__Data segment__.

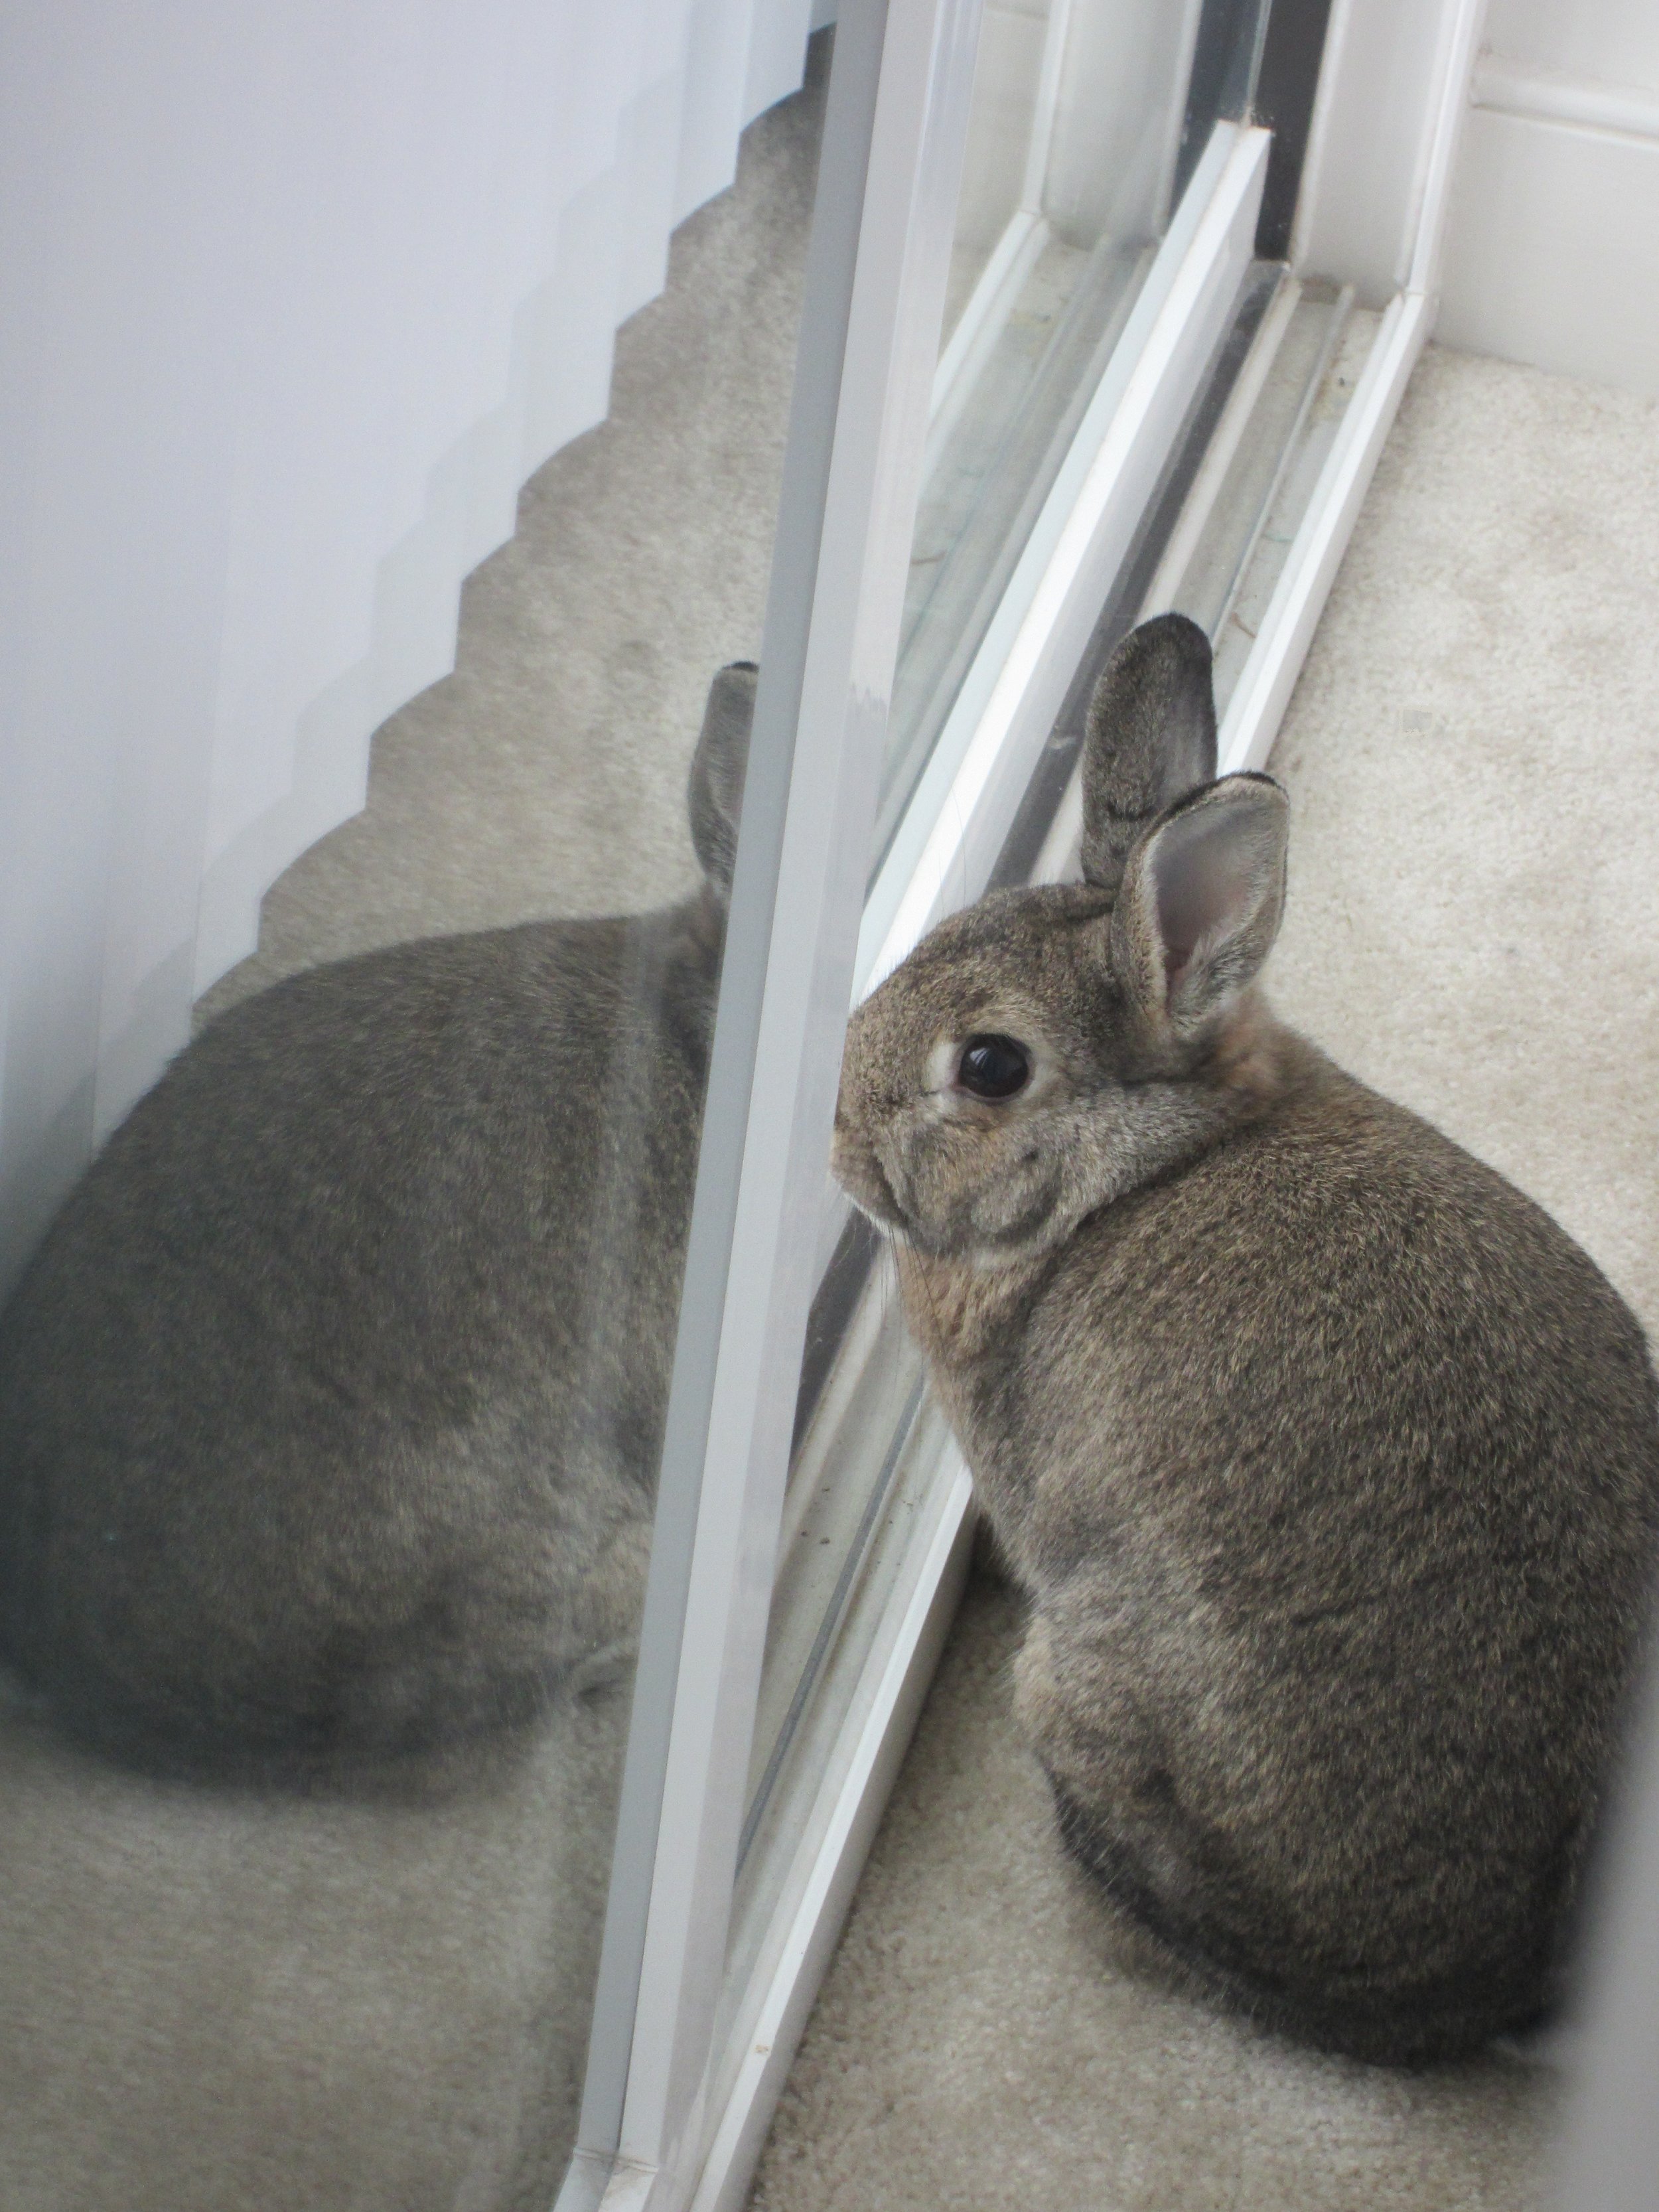 Bunny Loves Looking Out the Window 1
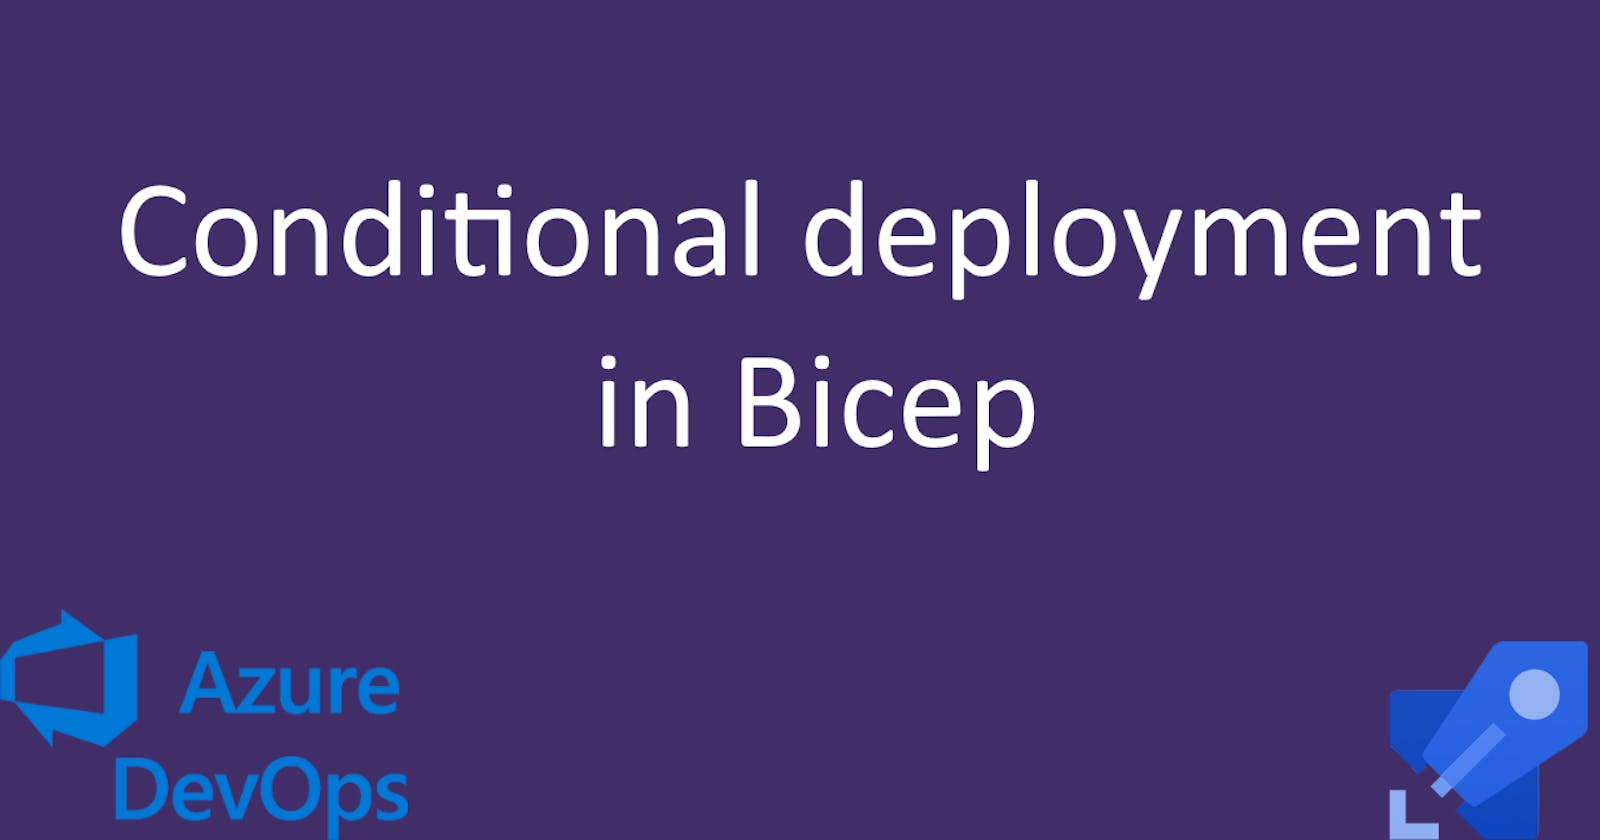 Conditional deployment in Bicep
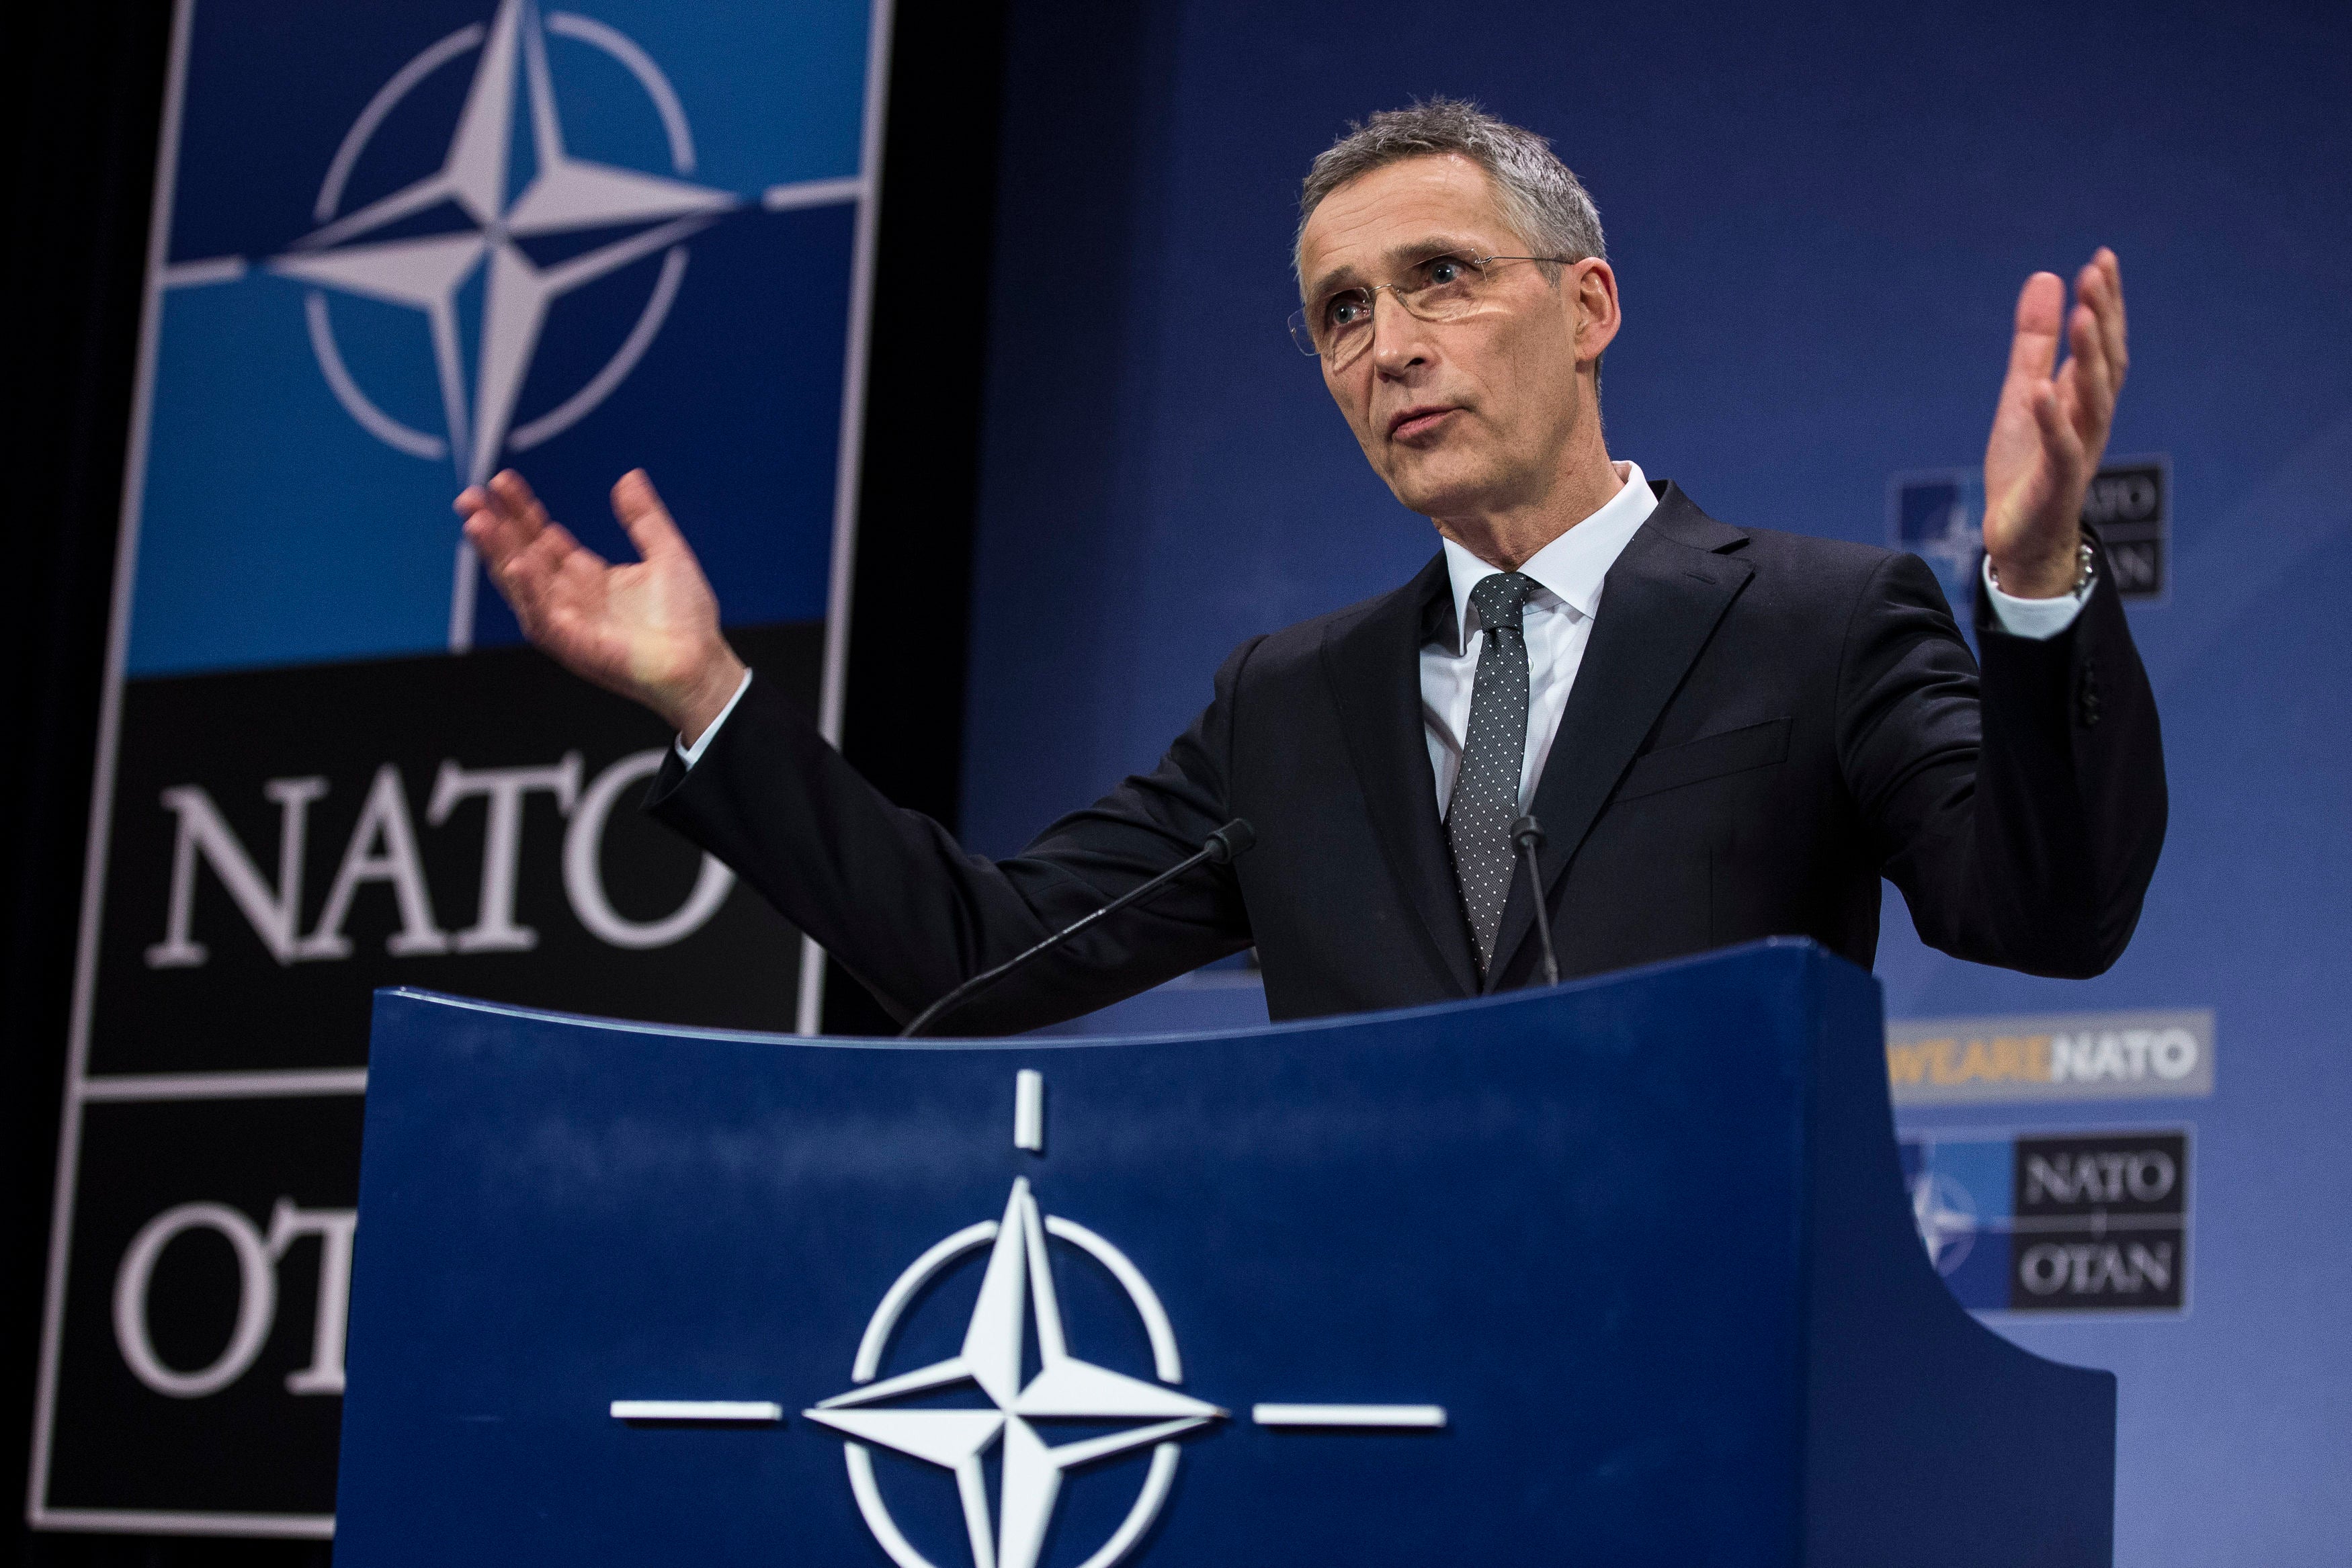 Nato secretary-general Jens Stoltenberg will need all of his nous to deal with Russia’s invasion of Ukraine

__Your goal__.
The expected output is every line of the data, unchanged, with the pictures skipped.

__Exercise result__.
 Bunny Loves Looking Out the Window 1
 Conditional deployment in Bicep
 Nato secretary-general Jens Stoltenberg will need all of his nous to deal with Russia’s invasion of Ukraine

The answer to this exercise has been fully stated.